We will address both of these issues in the following tests. For point number 1, note that the scaling terms c2 and c3 in equation 1 and c4 and c5 in equation 17 are dependent on γ, the VS / VP ratio, and that this ratio should vary as a function of depth or time. Thus, approximating this ratio as a constant for the sake of stability in the algorithm will actually produce a slightly incorrect result. In our first implementation of this method, the variable γ was assumed to be constant and supplied by the user. A second approximation in this implementation was that the angle θ was taken as the incident angle, when actually it should be the average between the incident and transmitted angle, as discussed above. As just mentioned, the motivation for both of these approximations was that they allowed the c terms to be constants with time, which sped up and stabilized the calculation. To address these problems, we therefore added an option to calculate γ automatically instead of letting the user input the value. When this option is used, the following things happen:

  1. A time-variant gamma is calculated from the initial guess model and used to start the inversion.
  2. Every five iterations during the inversion process, the timevariant gamma is updated with the current values from the inversion. This is an approximate solution to the non-linear problem created with one of the “unknowns” being in the coefficients.
  3. The correct average angle is used for all calculations, using the current time-variant velocity.
  4. The process runs much slower than the constant gamma assumption.

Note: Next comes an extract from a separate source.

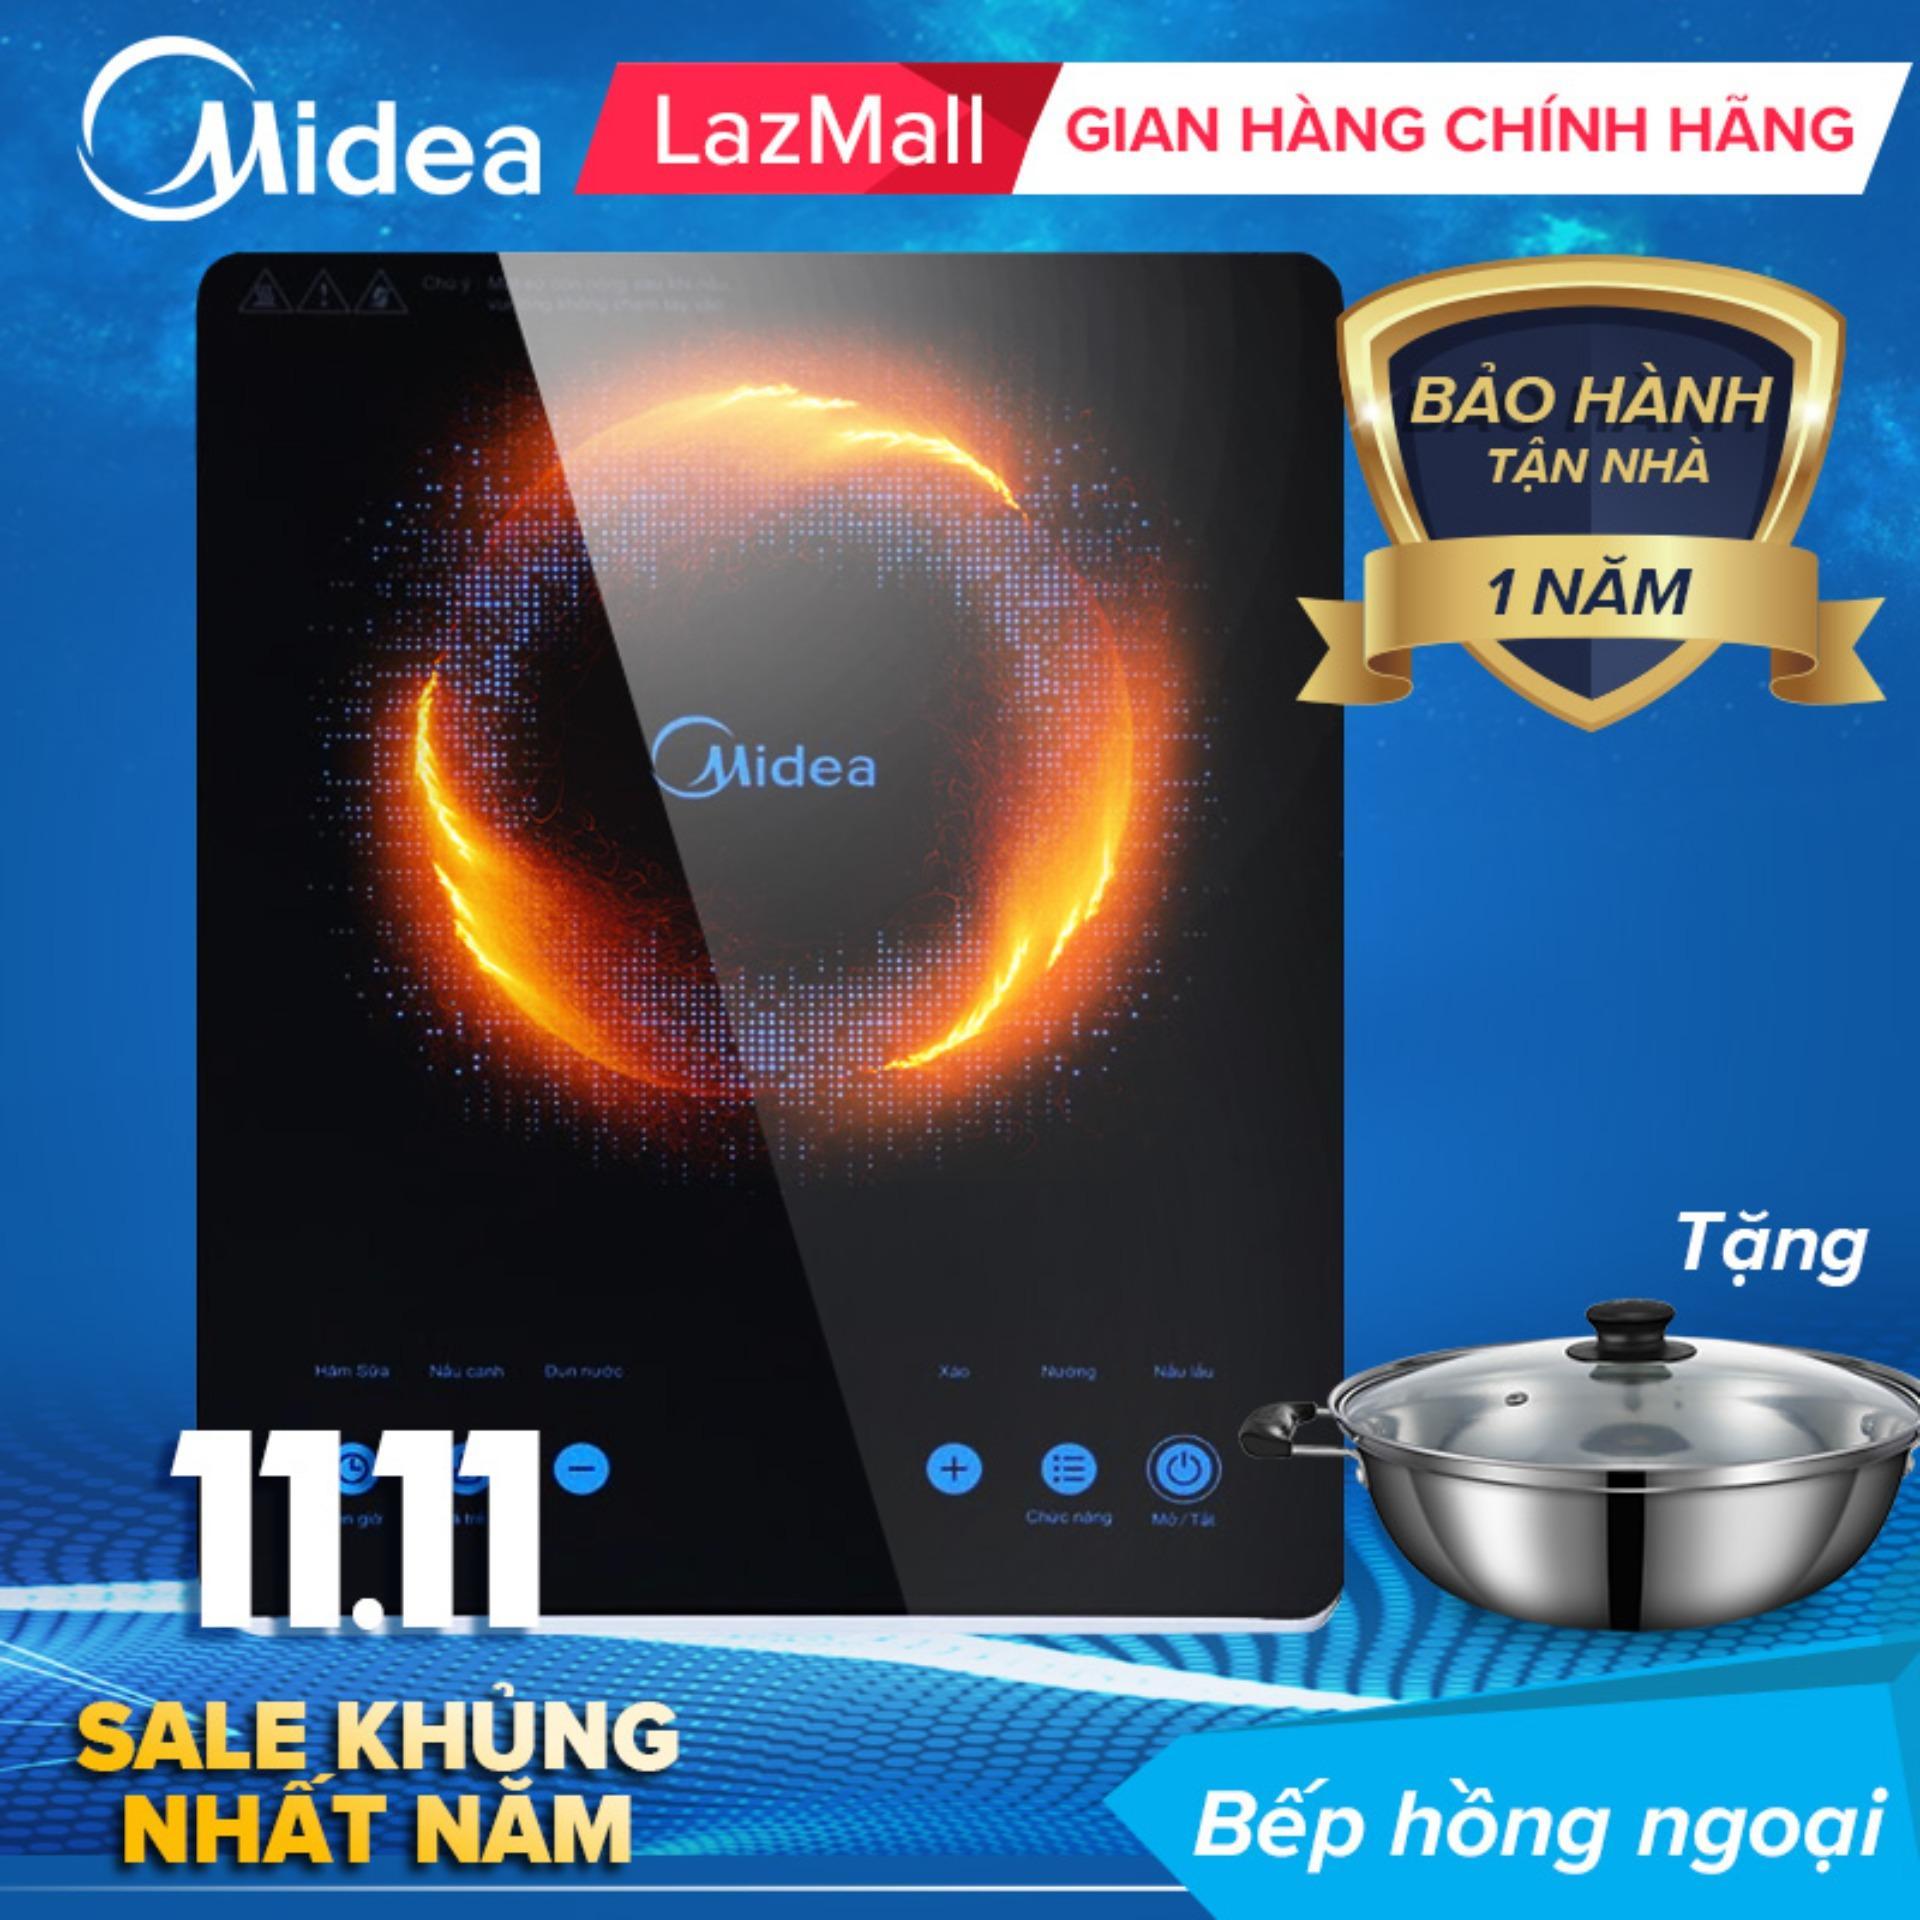 Bếp hồng ngoại cảm ứng Midea MIR-T2018DC

To illustrate the difference between constant and variable values of gamma, Figure 4 shows the results on the logs of inverting the synthetic using a constant value of γ = 0.5. The figure shows the results (in red) after 50 iterations, starting from a smooth initial guess (shown as the smooth black line). The correct answer is shown as the blocky blue line on the same plot as both the initial guess and the final result. Before the inversion, the PS data had been transformed to PP time.

Fig. 04
Figure 4. Pre-stack joint inversion of the synthetics shown in Figure 3, using a constant value of γ = 0.5, where the blue line shows the original logs, the black line shows the initial guess model and the red line shows the final inversion.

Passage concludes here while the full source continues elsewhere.